■ Exercise data:

------------------------------------------------------------------------

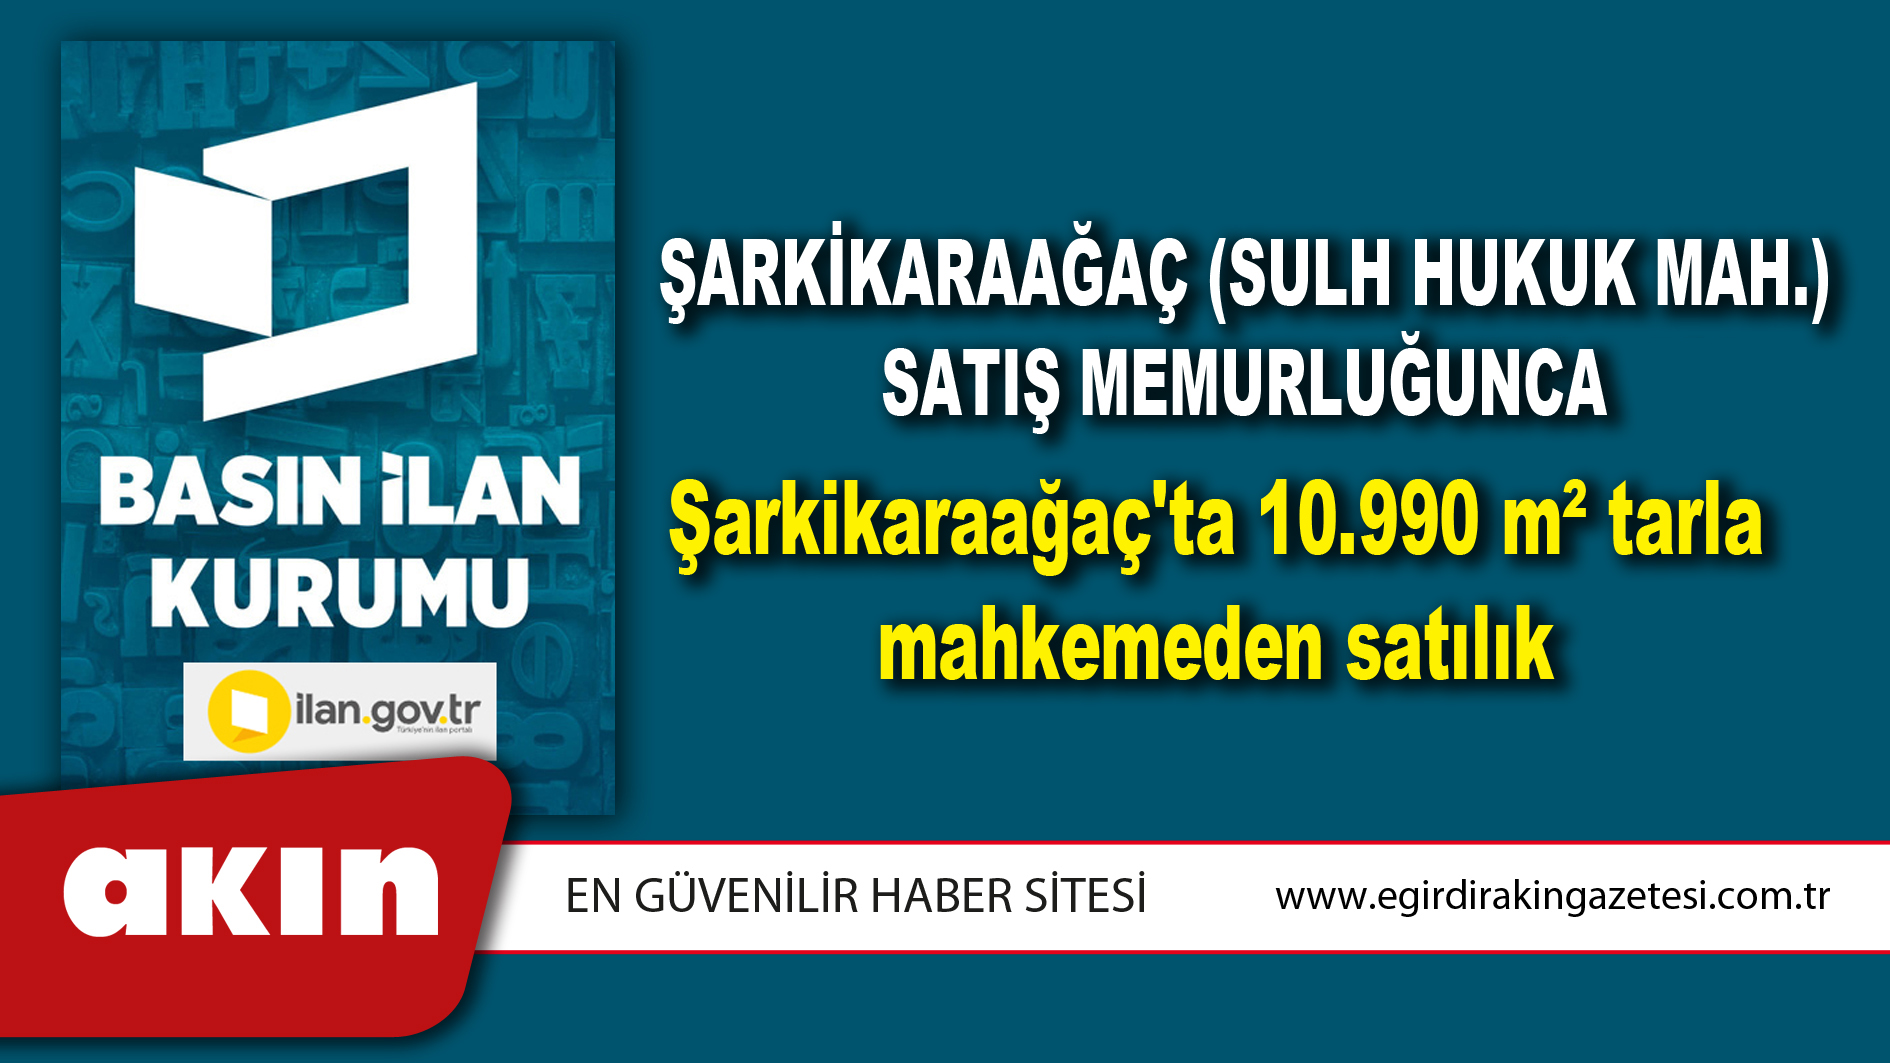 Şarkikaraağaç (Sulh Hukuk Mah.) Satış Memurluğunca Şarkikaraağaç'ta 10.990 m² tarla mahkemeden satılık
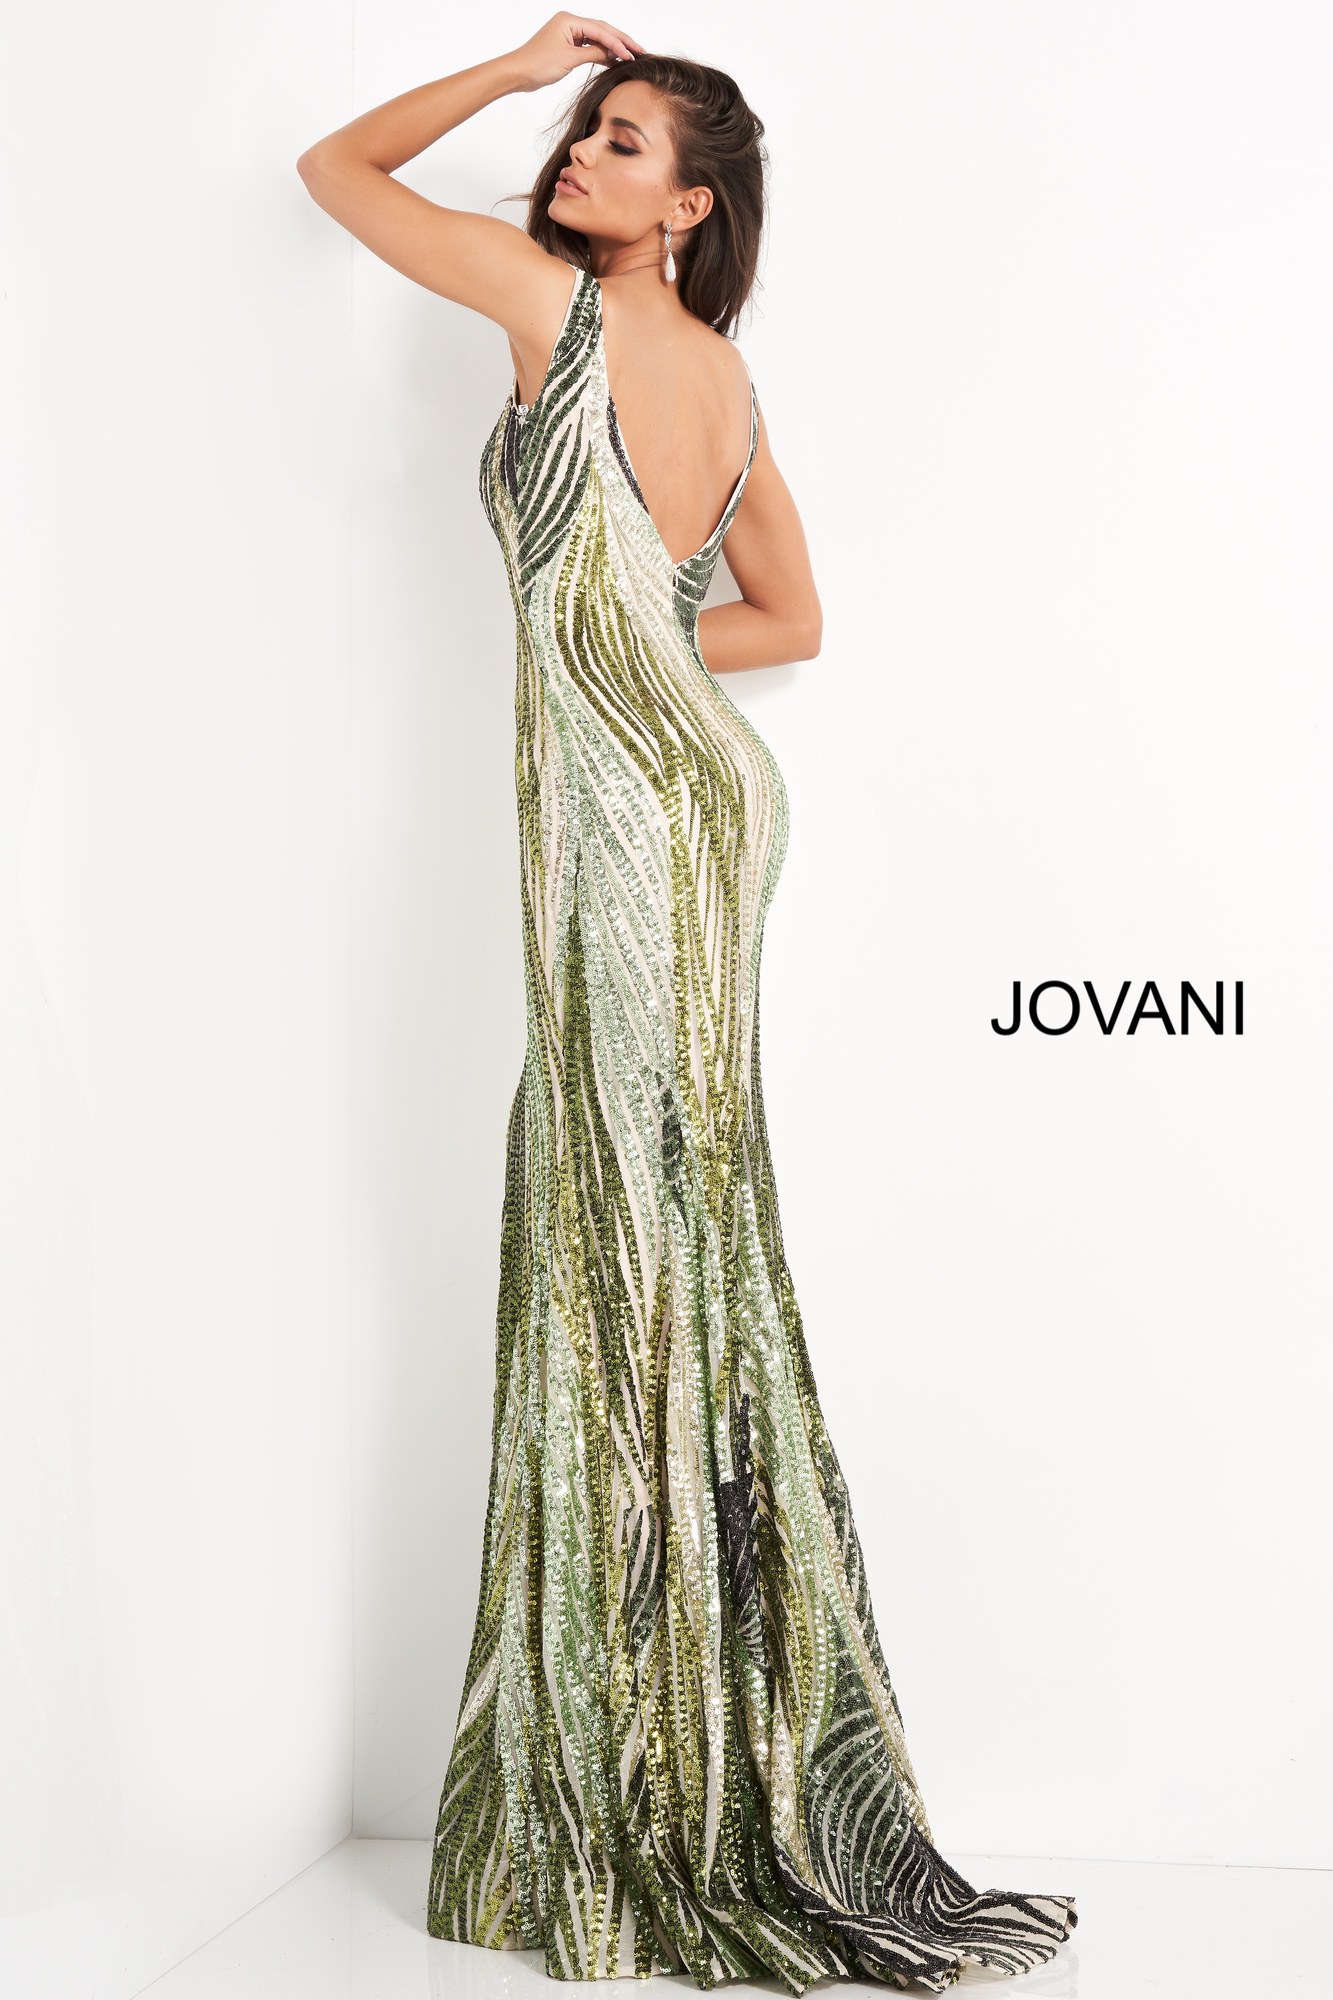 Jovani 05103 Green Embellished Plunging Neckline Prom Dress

------------------------------------------------------------------------

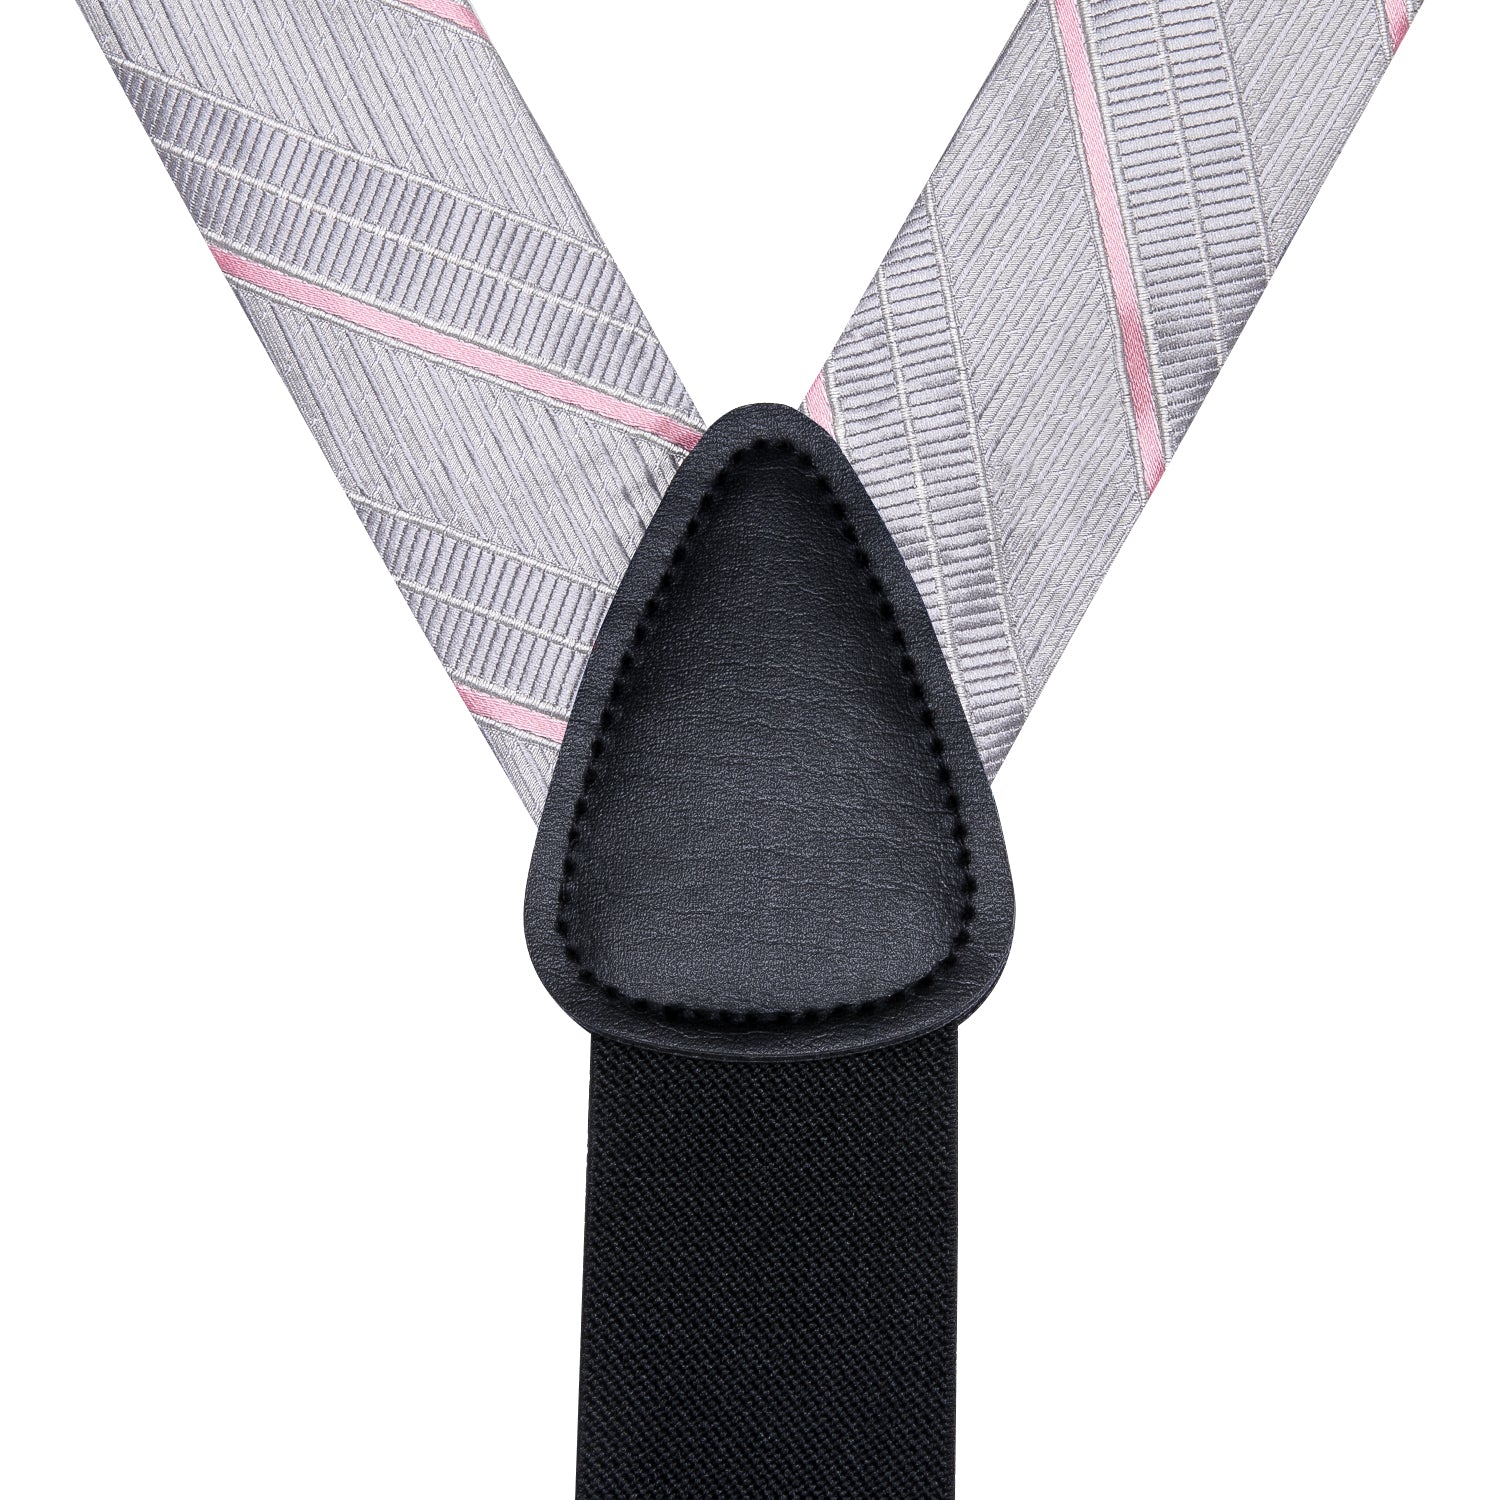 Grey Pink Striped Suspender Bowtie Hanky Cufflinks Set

------------------------------------------------------------------------

■ What is required: Here the job is to copy the stretch of records from the line containing "Şarkikaraağaç (Sulh Hukuk" through the line containing "Jovani 05103 Green", word for word. Leave every picture out.

■ Solution to the exercise:
 Şarkikaraağaç (Sulh Hukuk Mah.) Satış Memurluğunca Şarkikaraağaç'ta 10.990 m² tarla mahkemeden satılık
 Jovani 05103 Green Embellished Plunging Neckline Prom Dress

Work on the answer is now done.